Hey!! Merry Xmas. I'm in very southern Mexico escaping the canadian cold. I'm a wimp. Thanks very much for the interest in my project. Cool of you to ask. Have had some really productive associations and meeting some of the many really talented members out there. Parts are finding their way to the bike and I am really digging it. Wont be back to work on her until mid April but its taking shape. I tried attaching a couple snaps but this software is fighting my progress to do that now. Might be my rudimentary internet. This bike is absolutely one of the more 'thought provoking' build or project I have taken on. So much to learn, so many decisions to make in how I will be bringing her back to life. Good fun.

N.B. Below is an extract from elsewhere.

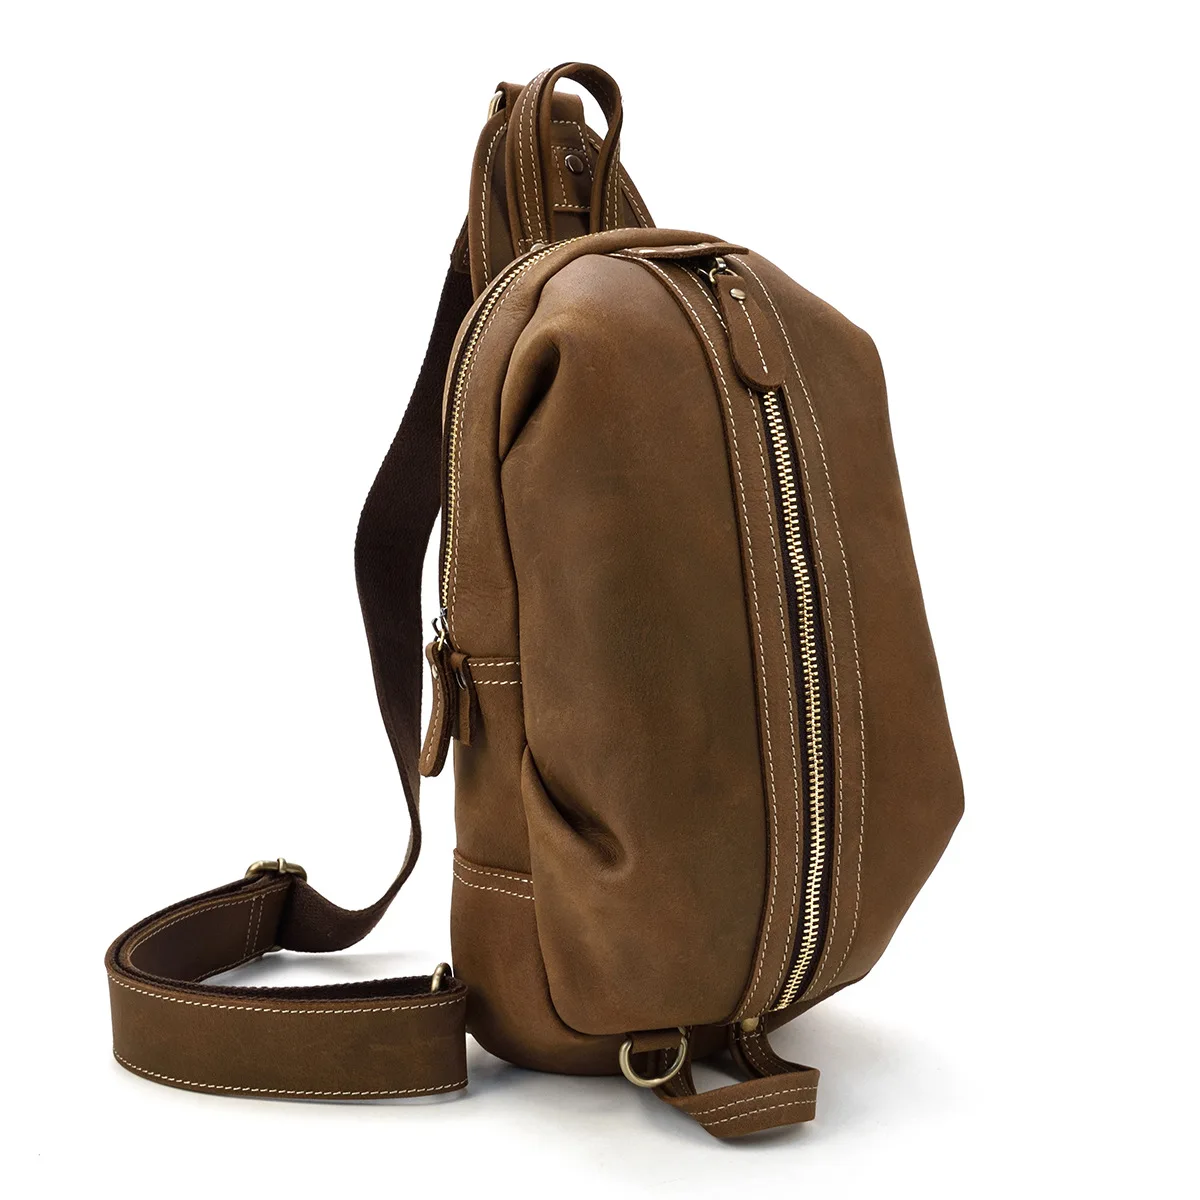 Luufan Дизайн Уникальный дизайнерский кожаный нагрудный мешок слинг груди пакет Crazy Horse кожаные сумки на одно плечо для мини Ipad

Photos when I get better signal.


----------



## Vintage-Whizzer (Dec 26, 2019)

I love it! You have everything to make a really nice bike!


----------



## Ron Nichols (Dec 26, 2019)

I’m pre fitting each piece as it arrives to ensure I have a workable part, that I have all the correct fasteners and that any work each part needs gets done. Still a few bits coming but I am feeling like it’s going in the right direction. I have no illusion that it will be anything more than a nice representation of the marque. I’ll redo the chrome where required and repaint it using the correct masks. I really am wrestling with patina considerations. It will definitely be a rider. It is too interesting to not put it to use. Really enjoying the experience. So much to learn.


----------



## Vintage-Whizzer (Dec 26, 2019)

I always prefer a clean look, but with some patina. Then you can enjoy riding it without feeling like you are going to scratch it.


----------



## Ron Nichols (Dec 26, 2019)

Makes sense. My luggage rack (a chrome 6 hole) and my chain guard are both full of patina so I might just let them be. After all, I’m building it for me. There are always alternative opinions when it comes to restore or to conserve, to use only OE or to use reasonable repro, to ride or not to ride. Gotta love it. I’ll send proper photos as it completes.


----------